House Resolution 24 crept into the chamber of the NH House of Representative, and nothing was accomplished. The NH House, minus a few Republicans who chose to leave the floor, voted 227-95, to table the resolution. Tabling the resolution means that it is not dead, and could be resurrected, as political pandering requires.
WMUR News Report: Politics of Dancing
In a week in which we learned that the NH deficit is approaching $300 millions dollars, the best the Democratic leadership could do was take no action on a resolution they do not support. But what would you expect, House Speaker Terie Norelli is stuck between a rock and a hard place.
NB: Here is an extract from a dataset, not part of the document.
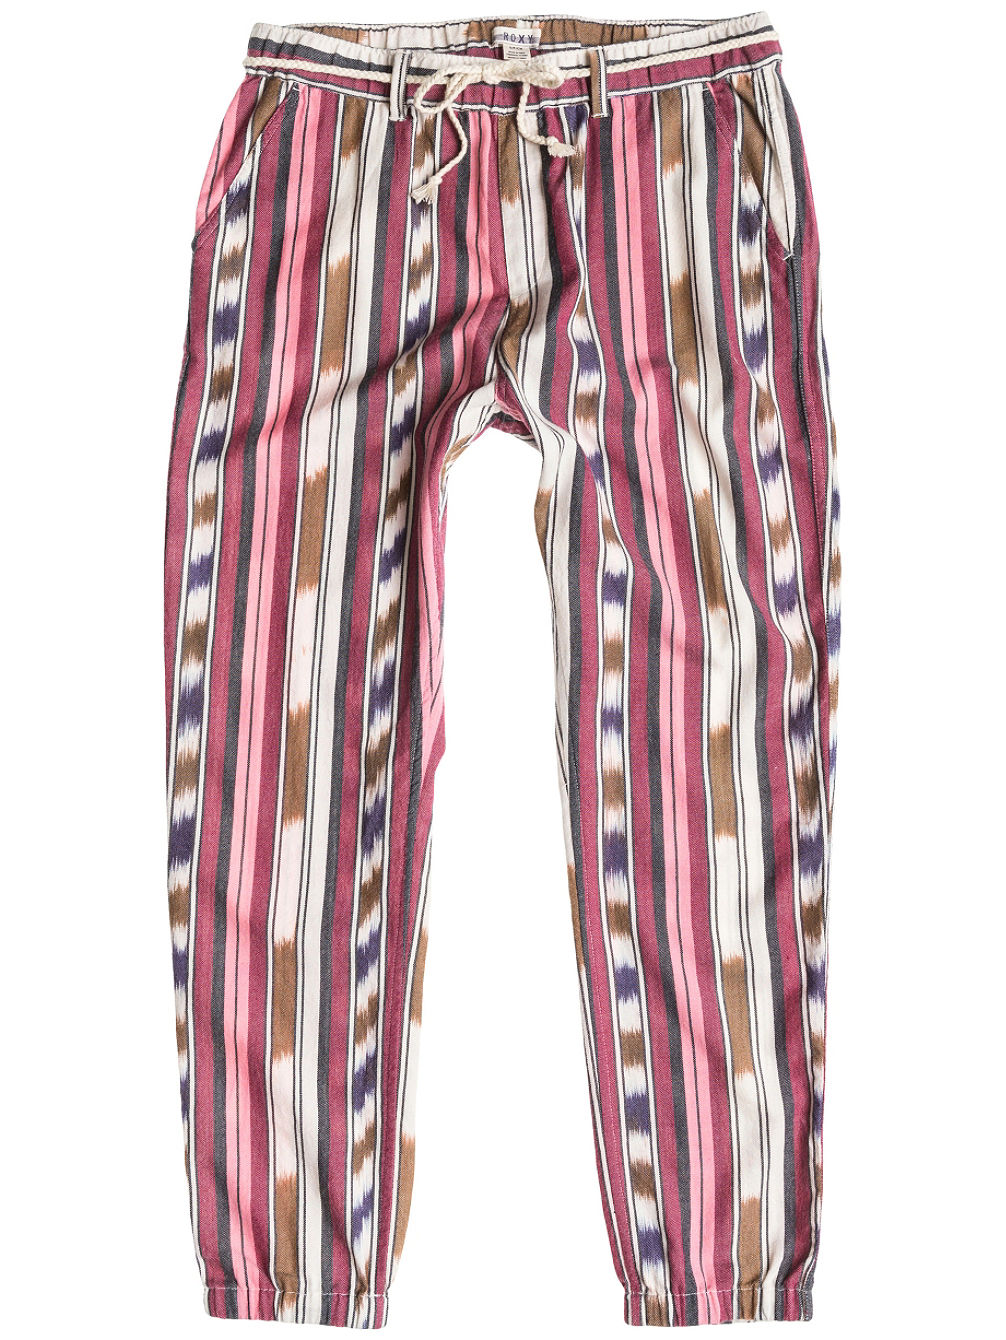 beachy-beach-chambray-pants

If Norelli allows the resolution to be voted on, and it passes, she exposes the Class of 2006 as a partisan group of malcontents. If it doesn’t pass, she risk alienating the fringe elements that make up the Democratic Party. Both outcomes playing right into the hands of the Republican Party. If HR24 had passed it was facing an uphill battle just to make it out of NH, let alone appear on the floor of the US Representative. The Constitutionality of the resolution would have been challenged, and it would have lost.
The House Leadership is only fanning the fire of this lunacy more by allowing HR24 to hang around. As long as HR24 is still alive, every ill-informed “impeachment nut” will cling to their delusions that HR24 is the “Holy Grail” that will help finally rid the world of the evil President Bush.
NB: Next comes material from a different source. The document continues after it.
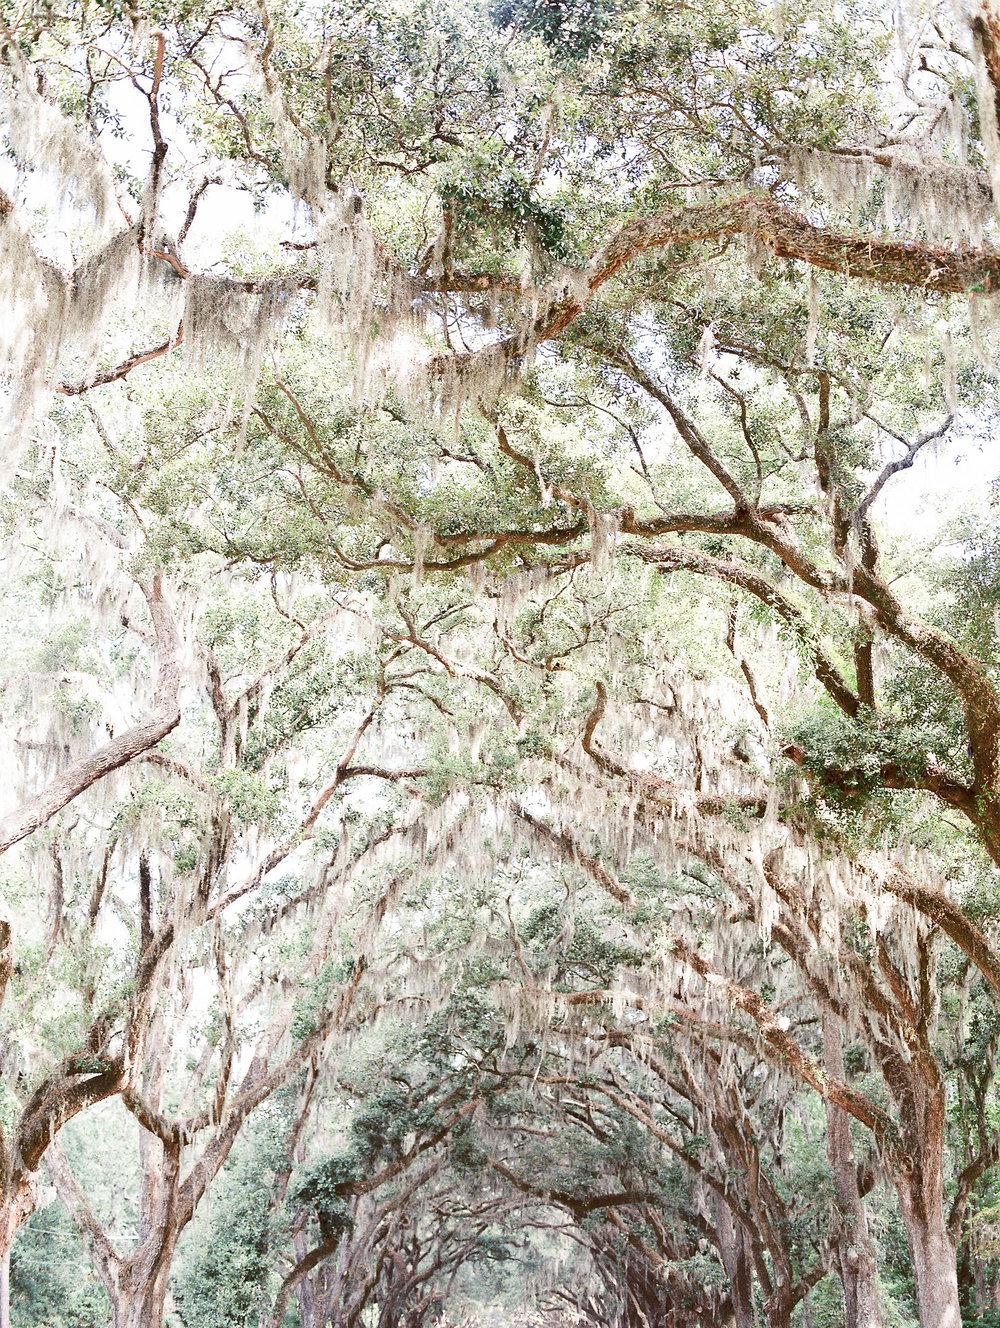 Lura-james-wormsloe-historic-site-hannah-forsberg-atlanta-wedding-photographer-22.jpg

But the Republicans aren't above petty politics either. NH Rep. Al Baldasaro, Londonderry, introduced an equally incompetent piece of legislation in retaliation to HR24. Mr. Baldasaro's amendment called on the U.S. House to expel Democratic U.S. Rep. Carol Shea-Porter from Congress. Mr. Baldasaro was just as wrong as Rep. Hall, (along with their supporters) for having turned the floor of the NH House into a three-ringed circus, featuring Terie Norelli as its ring master.
Petty squabbling and politically charged legislation is no way to run a government. The ignorance of those that claim to represent the people far outweighed their good intentions.